IT-Recht, IP-Recht und Geistiges Eigentum

Aktuelle Beiträge und Urteile

  • veröffentlicht am 3. März 2016

    BGH, Urteil vom 17.09.2015, Az. I ZR 92/14
    § 3 Abs. 3 UWG i.V.m. Nr. 5 des Anhangs, § 8 Abs. 1 und 3 UWG

    Der BGH hat entschieden, dass die Bewerbung eines Smartphone-Angebots in einer Supermarktkette wettbewerbswidrig sein kann, wenn der Warenvorrat so gering ist, dass die entsprechenden Geräte bereits am ersten Angebotstag ausverkauft sind. Die Irreführung könne jedoch vermieden werden, wenn über die tatsächlichen Verhältnisse hinreichend aufgeklärt werde. Ein Sternchenhinweis mit dem Wortlaut „Dieser Artikel kann aufgrund begrenzter Vorratsmenge bereits im Laufe des ersten Angebotstages ausverkauft sein“ genüge jedoch zur Aufhebung der Irreführung im vorliegenden Fall nicht, da der Verbraucher auf Grund dieses Hinweises und seiner Erfahrung mit wöchentlichen Angeboten trotzdem nicht damit rechnen müsse, dass der Artikel – wie hier – bereits nach wenigen Stunden nicht mehr erhältlich sei. Zum Volltext der Entscheidung hier.

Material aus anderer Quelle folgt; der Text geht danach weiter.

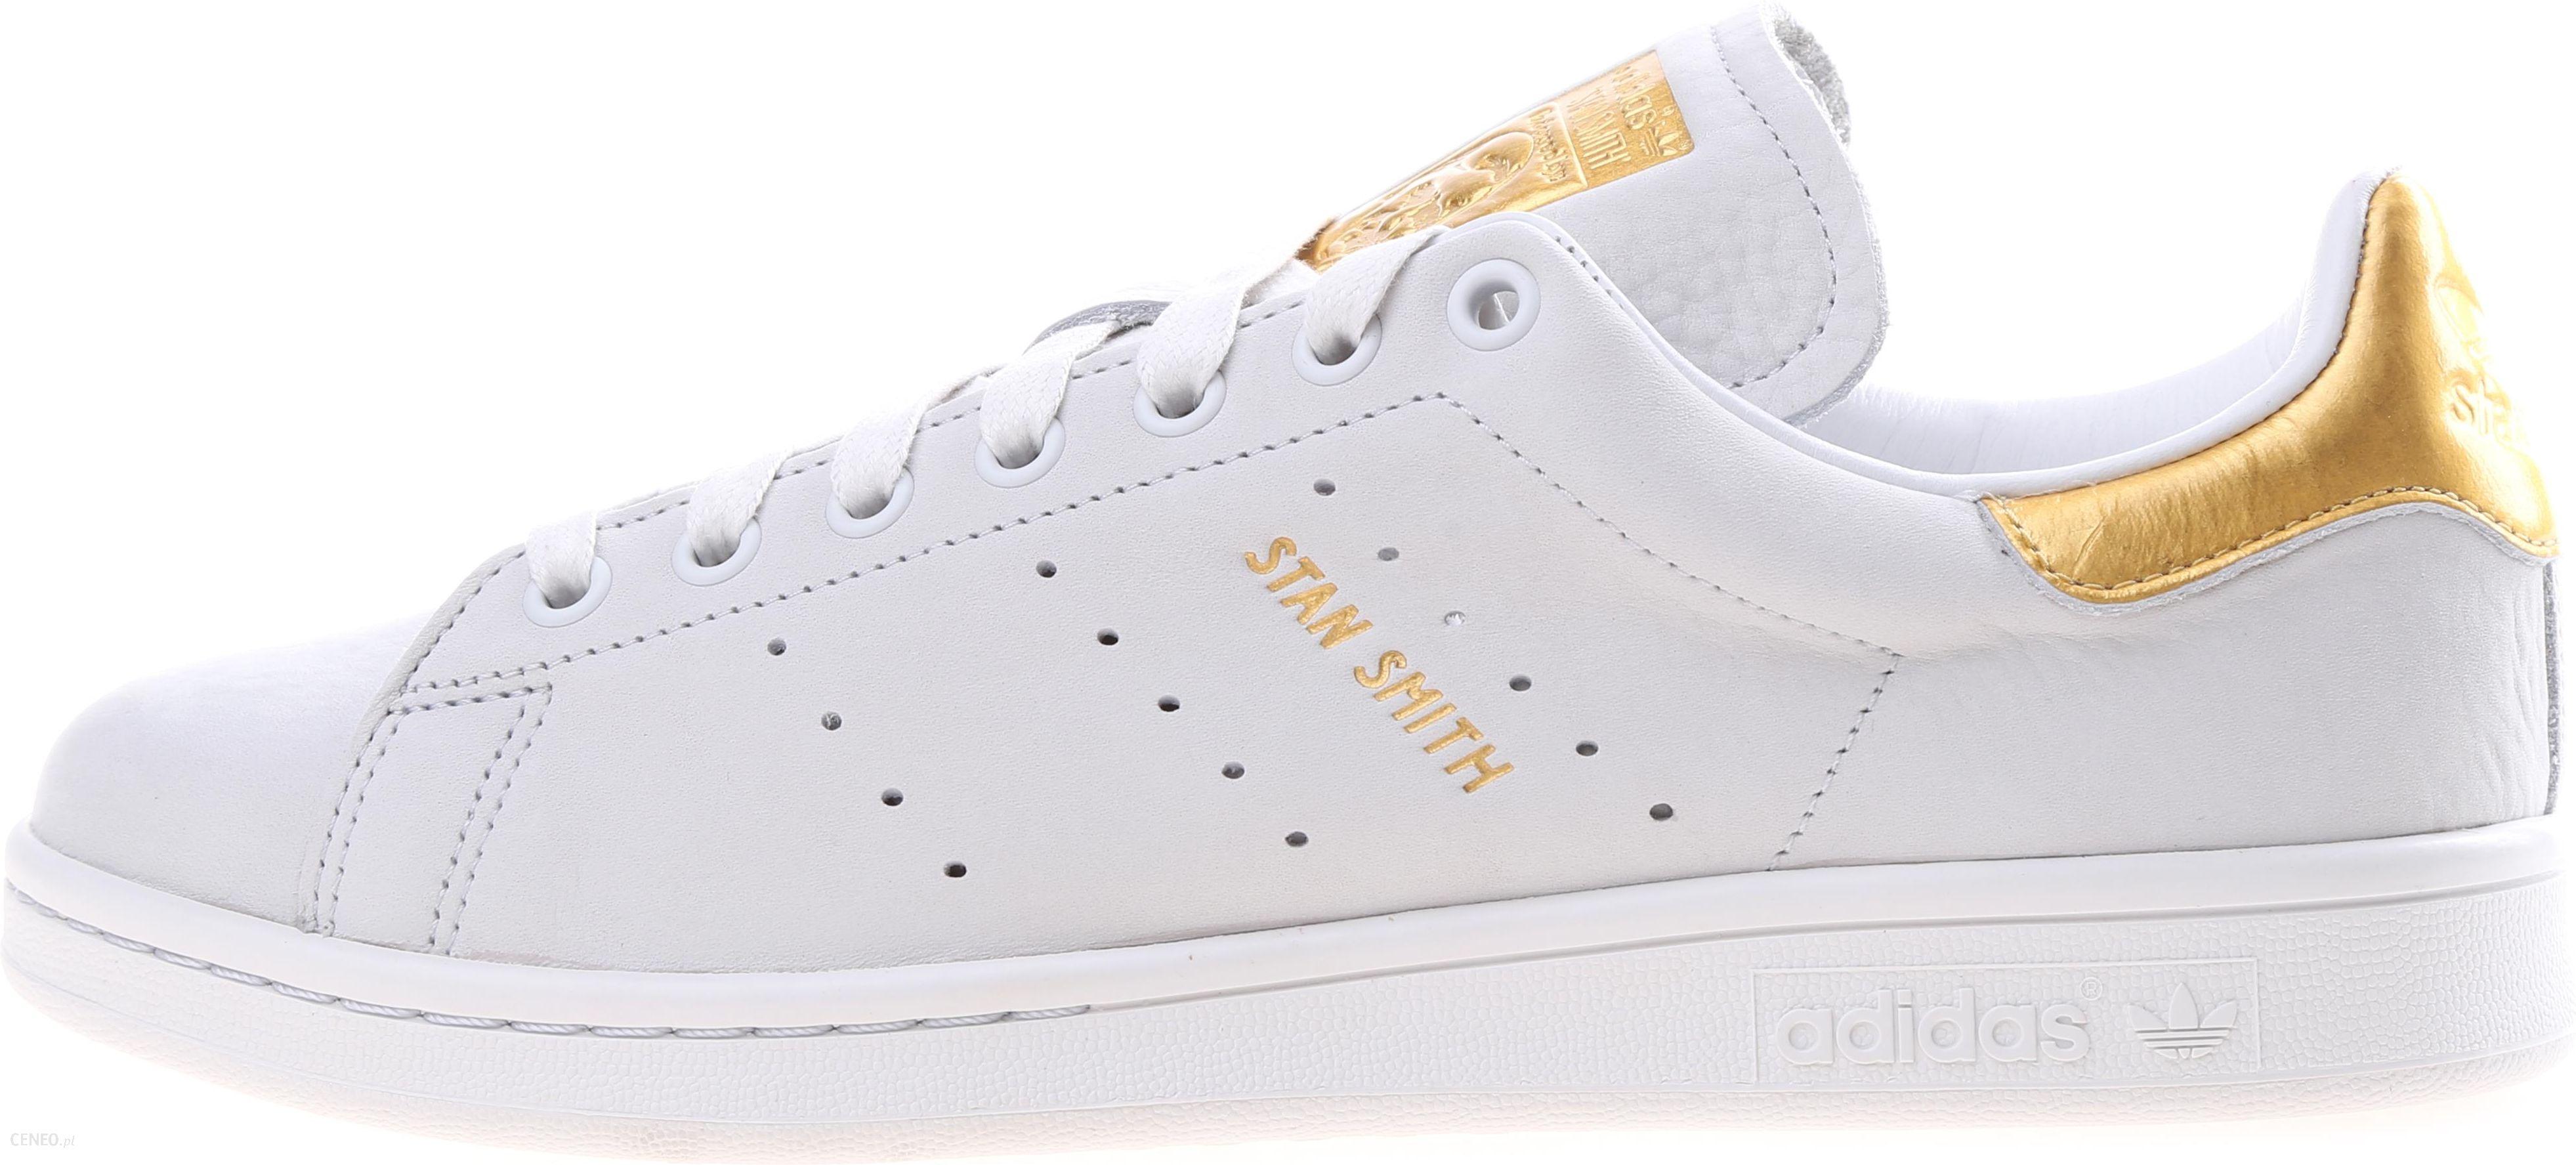 Adidas Stan Smith BUTY SPORTOWE męskie 43 13
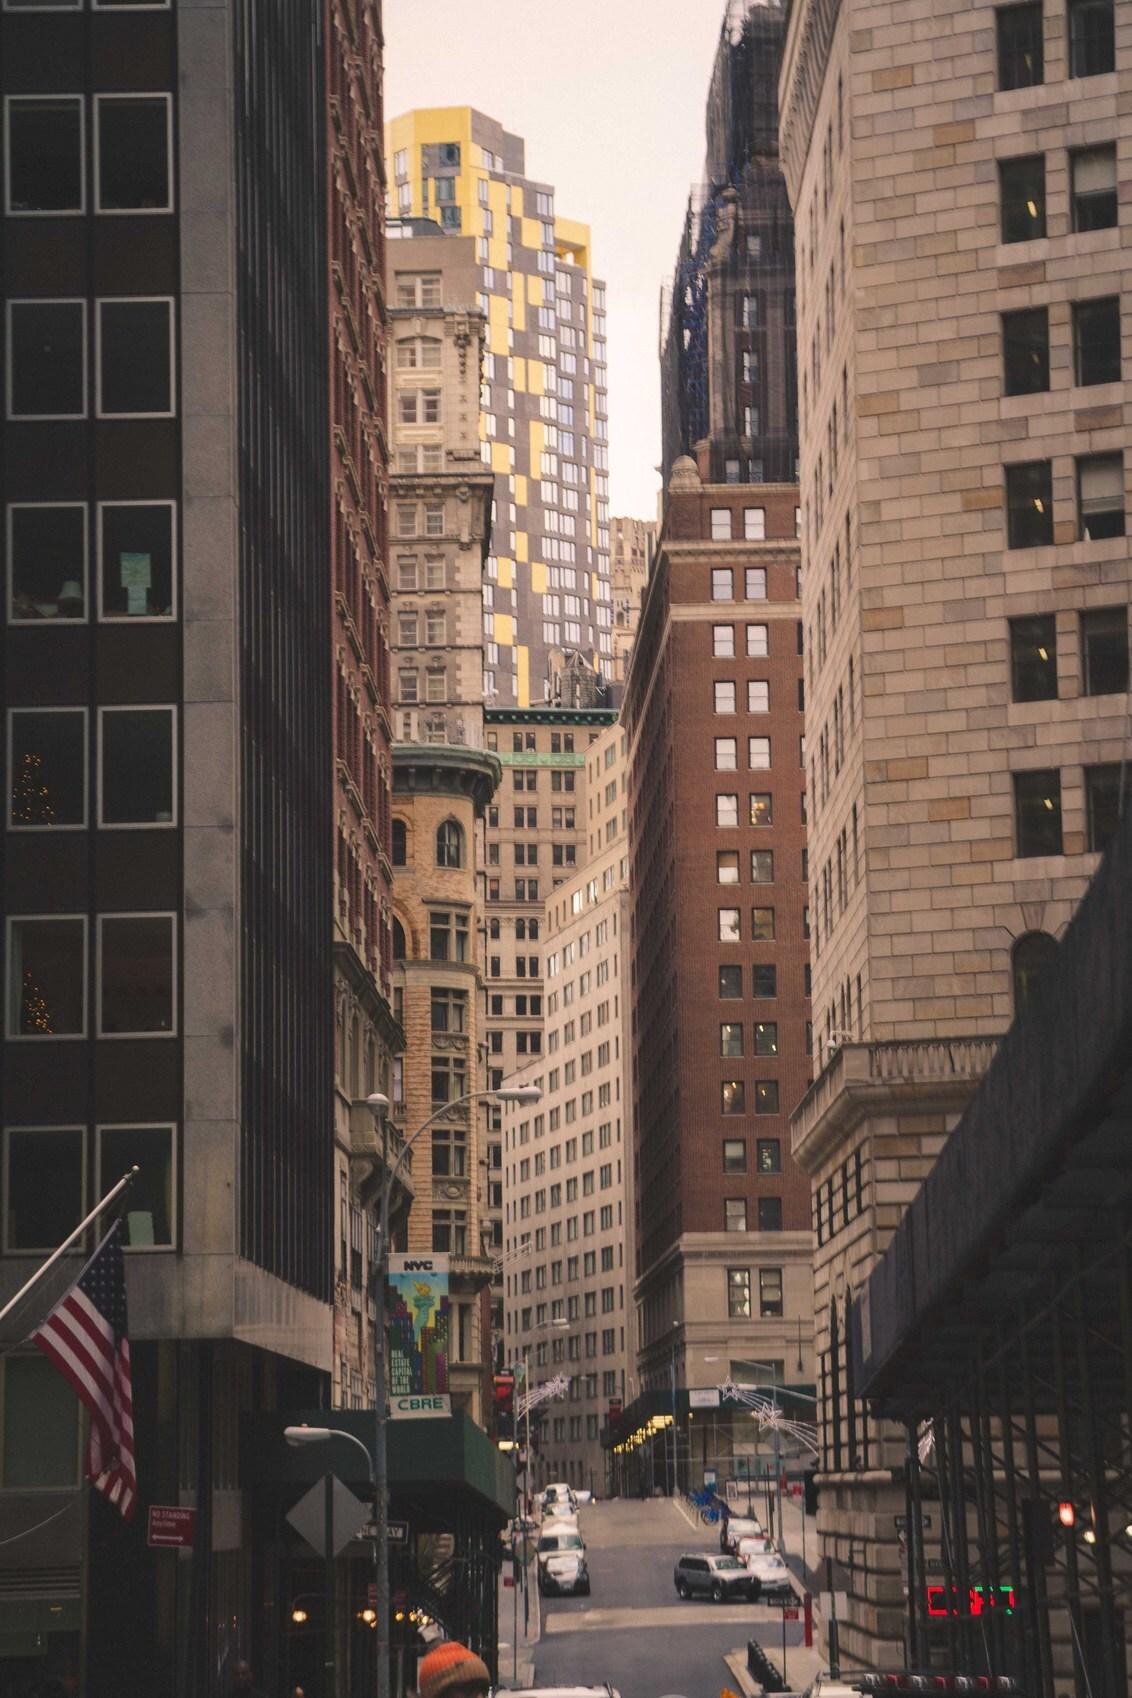 """Layers - Een deel van Manhattan met hele mooie """"lagen"""" van gebouwen - foto door lk123456789 op 08-02-2015 - deze foto bevat: gebouwen, gebouw, manhattan, lagen, layers, New York, hooghuis, hooghuizen"""

  • veröffentlicht am 1. März 2016

    BGH, Urteil vom 01.03.2016, Az. VI ZR 34/15
    § 12 Abs. 1 TMG, § 823 BGB, § 1004 BGB

    Der BGH hat entschieden, dass der Betreiber eines Ärzte-Bewertungsportals, welches die Abgabe von anonymen oder pseudonymen Bewertungen ermöglicht, bei Hinweisen eines Arztes, dass mit dem bewertenden Nutzer überhaupt kein Kontakt bestanden habe, umfassenden Prüfungs- und Auskunftspflichten unterliegt. Derart verdeckt abgegebene Bewertungen erschwerten es dem betroffenen Arzt, so der Senat, gegen den Bewertenden direkt vorzugehen. Vor diesem Hintergrund hätte die beklagte Portalbetreiberin die Beanstandung des betroffenen Arztes dem Bewertenden übersenden und ihn dazu anhalten müssen, ihr den angeblichen Behandlungskontakt möglichst genau zu beschreiben. Darüber hinaus hätte sie den Bewertenden auffordern müssen, ihr den Behandlungskontakt belegende Unterlagen, wie etwa Bonushefte, Rezepte oder sonstige Indizien, möglichst umfassend vorzulegen. Diejenigen Informationen und Unterlagen, zu deren Weiterleitung sie ohne Verstoß gegen § 12 Abs. 1 TMG in der Lage gewesen wäre, hätte sie an den Kläger weiterleiten müssen. Zur Pressemitteilung Nr. 049/2016 vom 01.03.2016: (mehr …)

  • veröffentlicht am 25. Februar 2016

    BGH, Beschluss vom 20.01.2016, Az. I ZB 102/14
    § 91a Abs. 1 ZPO

    Der BGH hat entschieden, dass die übereinstimmende Erledigungserklärung der Parteien in einer Unterlassungsklage nicht notwendigerweise auf die Vergangenheit und dort bereits vollstreckte Ordnungsmaßnahmen zurückwirkt. Vorliegend war der Schuldnerin im Ausgangsverfahren verboten worden, verschreibungspflichtige Arzneimittel aus den Niederlanden nach Deutschland unter der Gewährung von Rabatten zu versenden. Dieses Verbot war mit mehreren Ordnungsgeldbeschlüssen, die auch vollstreckt wurden (insgesamt 600.000,00 EUR), durchgesetzt worden. Das Verfahren wurde seitens der Parteien für erledigt erklärt. Der Auffassung der Beklagten, dass aus diesem Grund die Ordnungsgeldbeschlüsse aufzuheben seien, teilte das Gericht jedoch nicht. Die Auslegung der Erledigungserklärungen ergebe, dass diese nicht rückwirkend gelten sollen, so dass die getroffenen Ordnungs- und Zwangsvollstreckungsmaßnahmen rechtmäßig gewesen seien. Zum Volltext der Entscheidung: (mehr …)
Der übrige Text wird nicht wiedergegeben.